Adaptor: Carmen Nasr (after the film by Babak Anvari)
Director: Nadia Latif
As war enters the domestic space in Carmen Nasr’s Under the Shadow, rationality and scientific reason are replaced by superstition and fear, a commentary on the loss of control felt by civilians who start to seek and believe in higher powers guiding them. And when those forces are perceived to be sinister, they become the embodiment of the enemy-other, replicating the real war and refracting it through the eyes of women and children. Adapted from Babak Anvari’s film and performed at the Almeida Theatre, Nadia Latif’s production doesn’t have a single purpose or commentary but builds an unsettling suspense as the options for Iran and protagonist Shideh start to narrow.
Forced to give up her medical studies due to political activism and unable to continue her training as a doctor, Shideh is frustrated by the quiet life she is expected to live at home in Tehran, tending to the house and caring for her daughter while her husband practices as a doctor. When he is conscripted to the front line in the war between Iran and Iraq, Shideh refuses to flee north and decides to wait out the bombardments with her neighbours. But mysterious goings on in the building start to unnerve all of the nearby women.
Under the Shadow has a number of perspectives; it is a war story that examines the impact on civilians living in big cities, it is a political reflection on the position of women forced to comply with a regime that disbars them from public life if they step out of line and, eventually, it has a strand of horror as fantastical activities start to occur with curses, evil spirits known as Djinns and forms of possession that prove a frightening context for Shideh’s story. The plot itself is rather limited: a few weeks in the life of this mother and her daughter Dorsa as their friends decide whether to leave the city, isolating this small family.
The growing disconnection between Shideh’s reasoned stability and calm, and the unexplained goings on in her home are well managed by Latif, who builds a slow sense of disconcertion across a long first act before the 40-minute second part of the play offers up a few more jump scares (provoking more laughter than terror perhaps).
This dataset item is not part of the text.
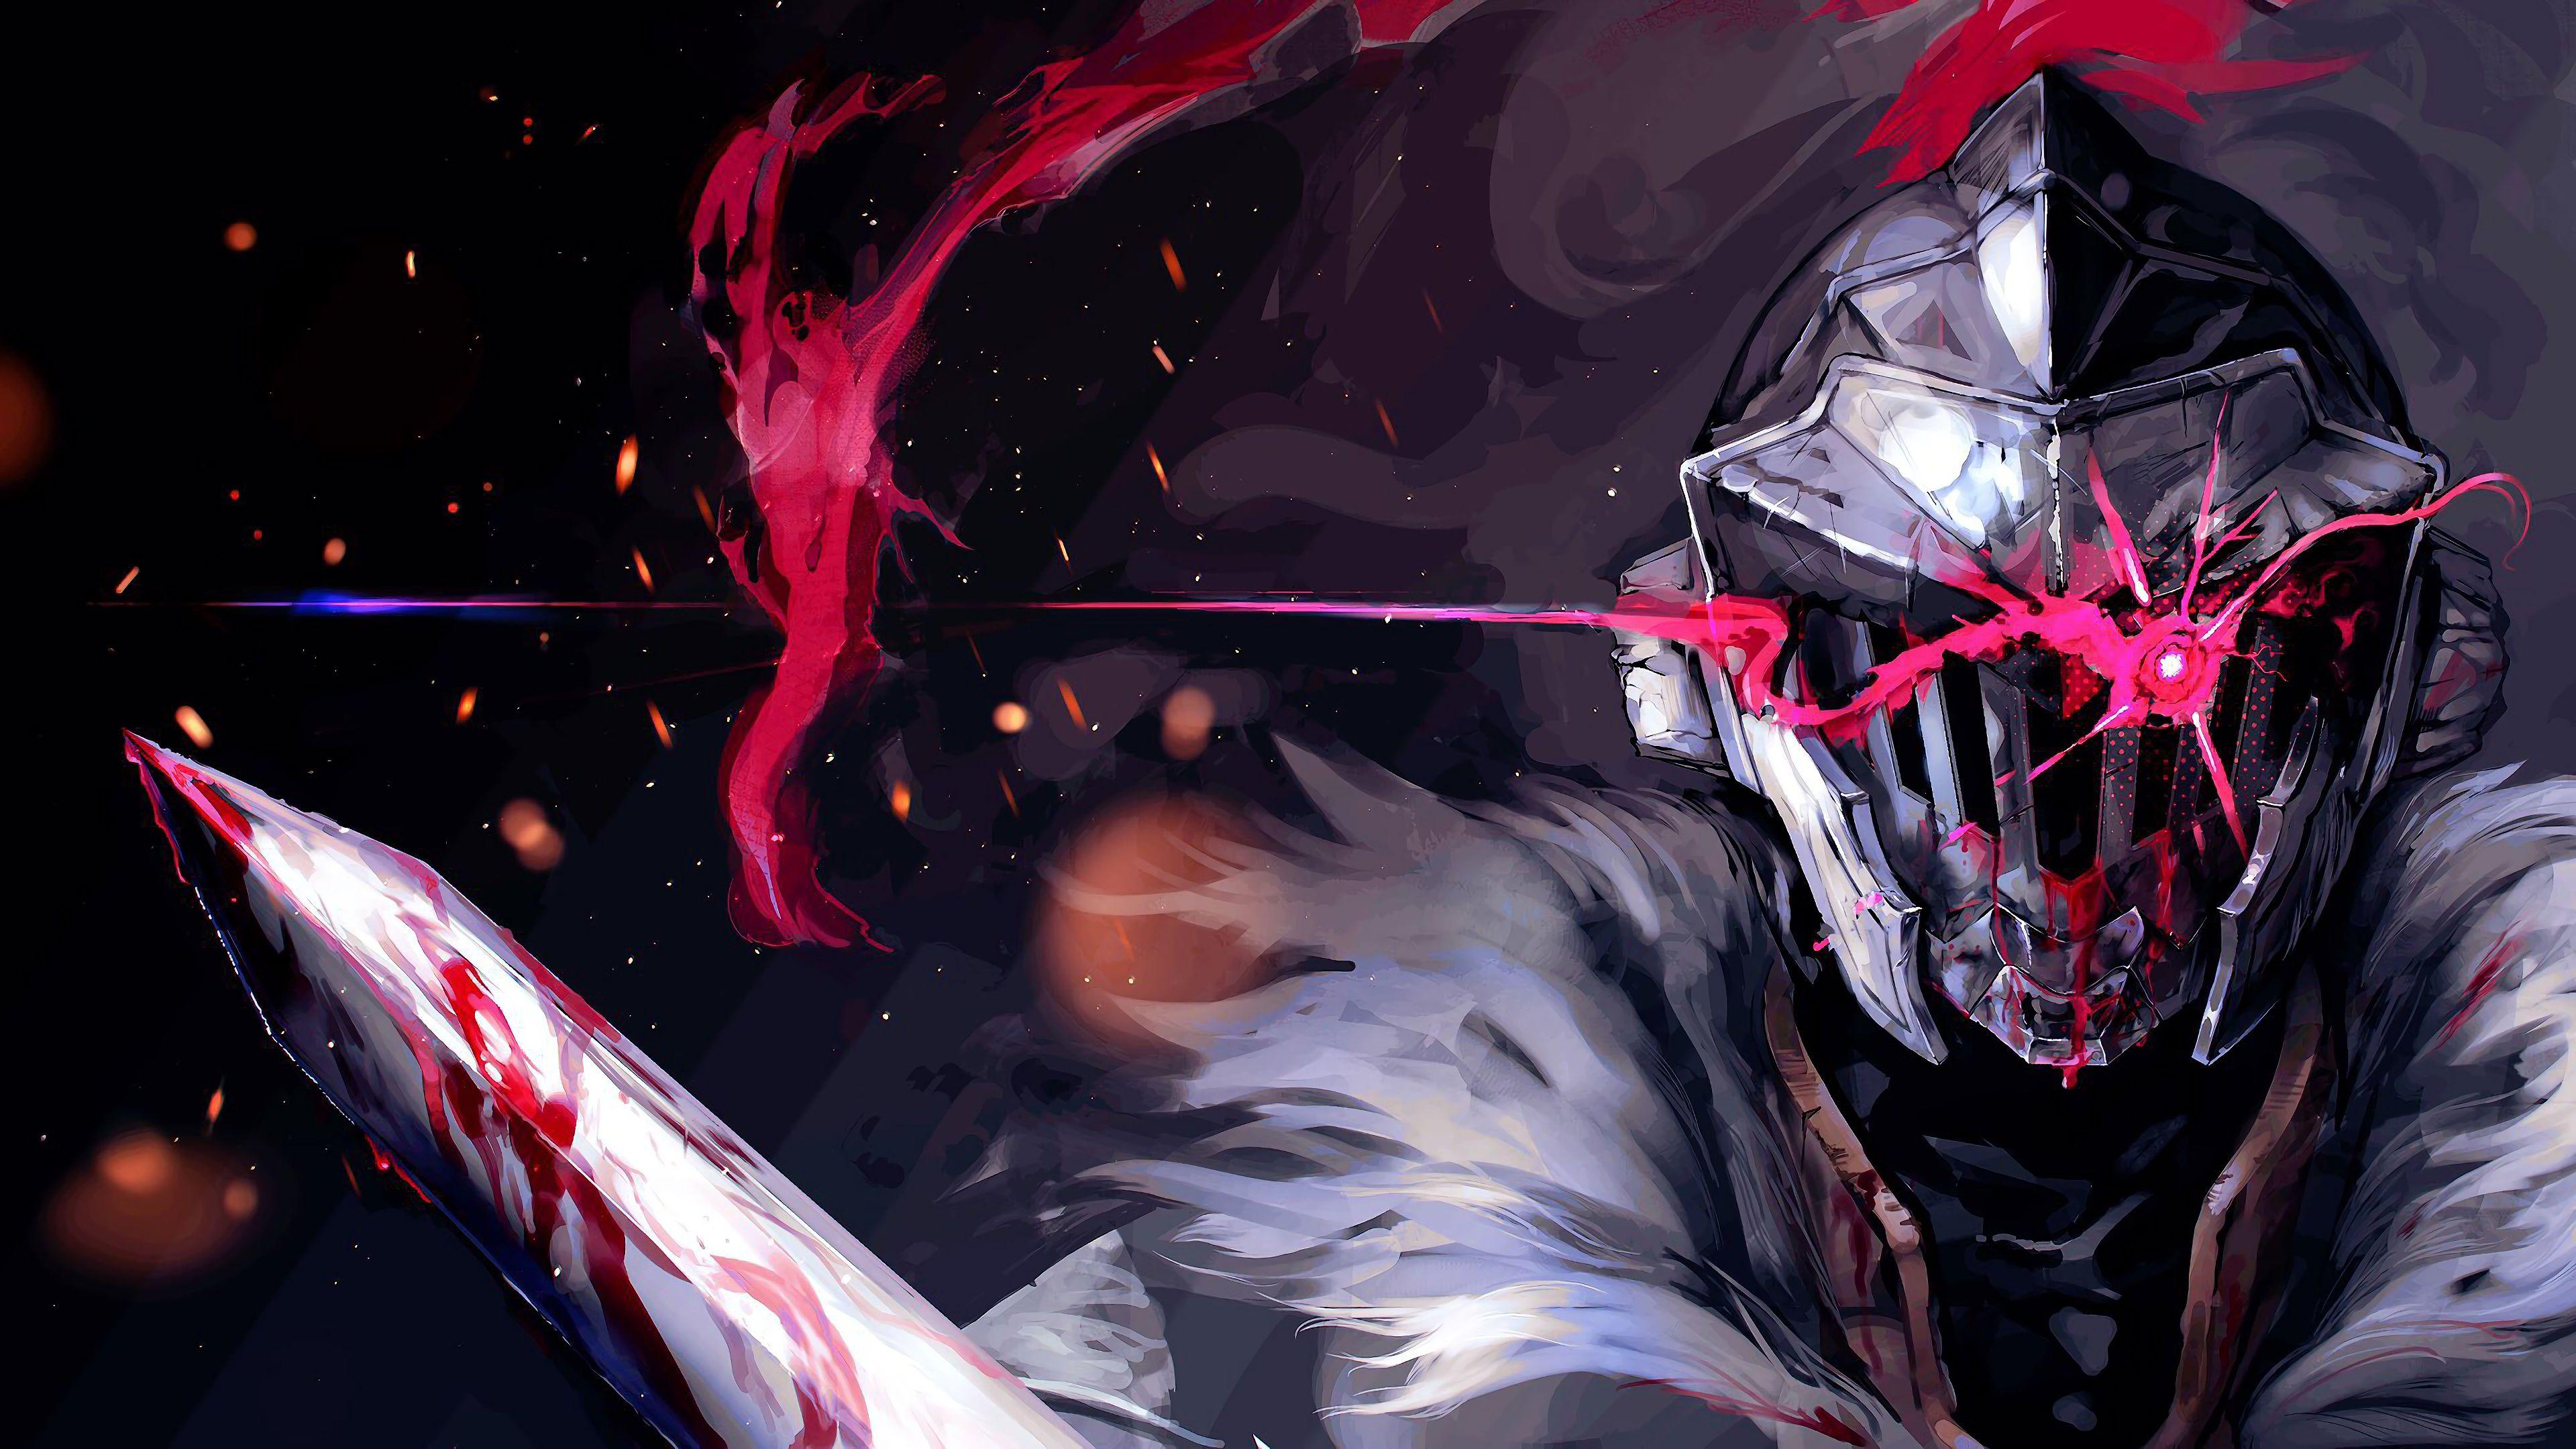 Goblin Slayer Anime 4K 28106 Slayer anime, Goblin, Anime

Donarto Wharton’s sound and Scott Penrose’s illusion consultation offer up plenty of Blithe Spirit-like action, striking the right balance between day-to-day life and the heightened tension that feeds Shideh’s terror. And this notion that intuitive and spiritual sense induce psychological fears is an interesting proposition that sits under the final section of the story.
Leila Farzad is excellent as Shideh, a woman trapped in her home in lots of ways, limited by a society that won’t let her fulfil her potential, a country that she must hide herself and her Americanised aerobics videos from, and a home life full of pressures to have more children and be a perfect cake-baking mother. Esmer Akar as sulky pre-teen Dorsa is first to sense something amiss, while Mona Goodwin and Nadia Albina provide excellent support as neighbours also struggling to reconcile the strain of war on their doorstep.
What Under the Shadow ultimately says about women’s rights in Iran, about the invasive effects of conflict and how traditional mythologies are evoked in times of stress is a little thinner than it might be, but the theatrical management of suspense is chilling.